An interesting and unanticipated observation in the current study was that independent of FAOD status, several plasma cytokines rose significantly in the pre‐exercise to recovery phase of the study when compared to the overnight‐fasted state. From our results, we cannot conclude what factors drove these outcomes. However, a possible explanation is that transitioning to the fed state triggered a normal postprandial inflammation response (breakfast and lunch were provided in the hours leading up to collection of the “Pre‐Exercise” sample). Postprandial inflammation has been reported by many investigators, although these observations are not universal and postprandial phenotypes may be nutrient‐ and cytokine‐specific (see Ford et al. 1996). No matter what post‐fasting events (meal‐dependent or meal‐independent) altered cytokine levels, the lack of an FAOD effect per se on the post‐fasting increases in cytokines suggests that signals emanating from mitochondrial LCFA β‐oxidation were not involved.
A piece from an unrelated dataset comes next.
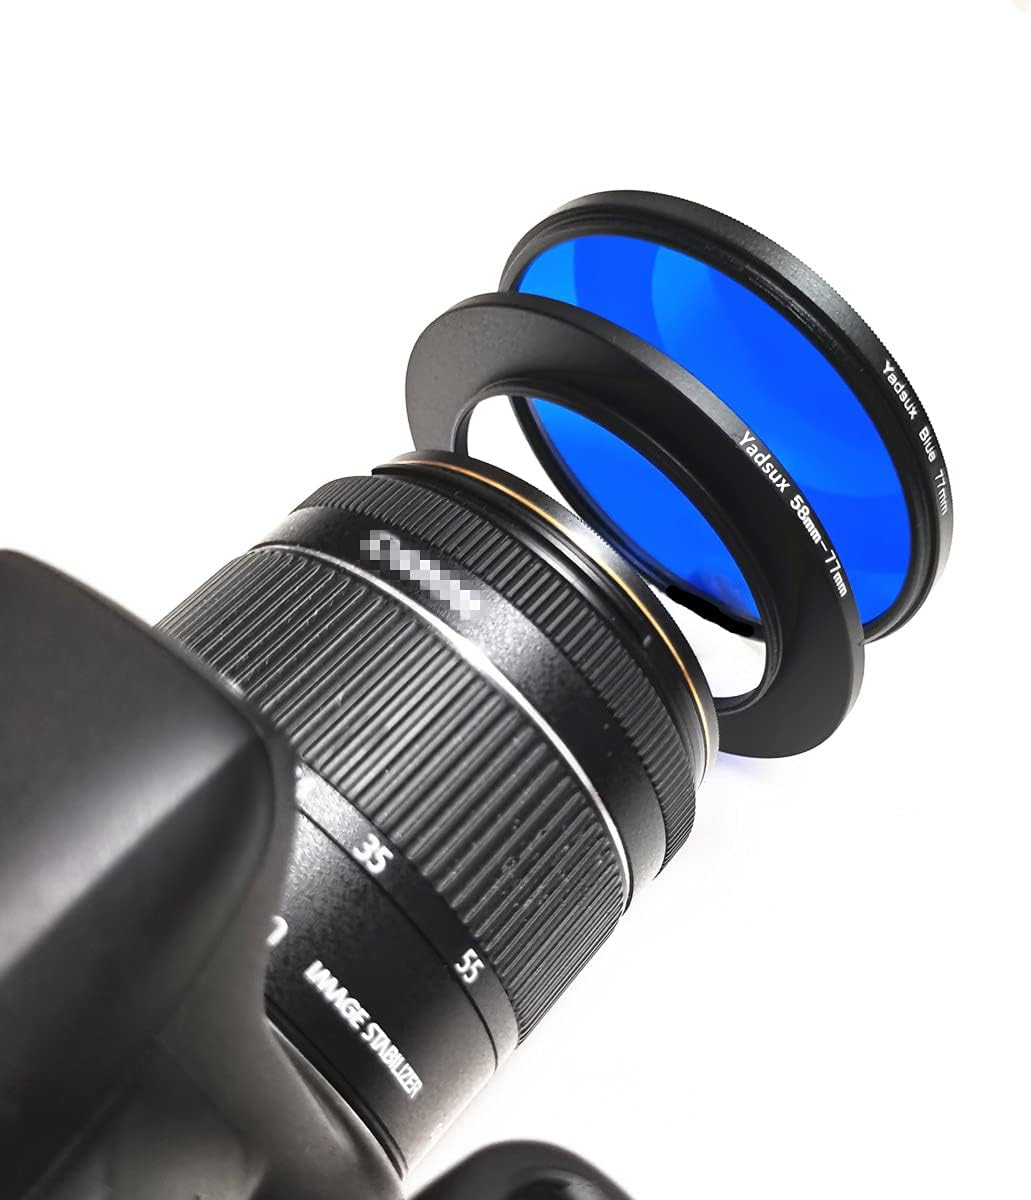 55mm to 82mm Step Up Ring, for Camera Lenses and Filter,Metal Filters Step-Up Ring Adapter,The Connection 55MM Lens to 82MM Filter Lens Accessory

In conclusion, a deficiency in mitochondrial catabolism of LCFA in clinically stable, asymptomatic patients with FAODs does not lead to marked systemic inflammation. However, modest changes in select cytokines are consistent with the hypothesis that chronic, subclinical “sterile inflammation” is associated with long‐chain FAOD. It is acknowledged that observations herein are limited to a small number of clinically well‐managed patients, and in whom typical dietary patterns were quite different when compared to control participants (e.g., more MCT and high carbohydrates in prescribed FAOD diets). It should also be noted that recruiting large numbers of age‐ and sex‐matched individuals with these rare long‐chain FAODs is a major challenge, and the cohort herein was quite broad in age which may have contributed to variance. The current paper reflects a secondary analysis samples from a previously described cohort, and hence we did not have an opportunity to recruit prospectively for this specific line of research. Thus, additional controlled experiments and clinical studies are warranted to determine if inflammation phenotypes precede or are coincident with the episodic symptoms common to long‐chain FAOD.

Conflict of Interest

None declared.

Informed Consent

All procedures followed were in accordance with the ethical standards of the responsible committee on human experimentation (institutional and national) and with the Helsinki Declaration of 1975, as revised in 2000. Written informed consent was obtained from all patients or legal guardians prior to inclusion in the study.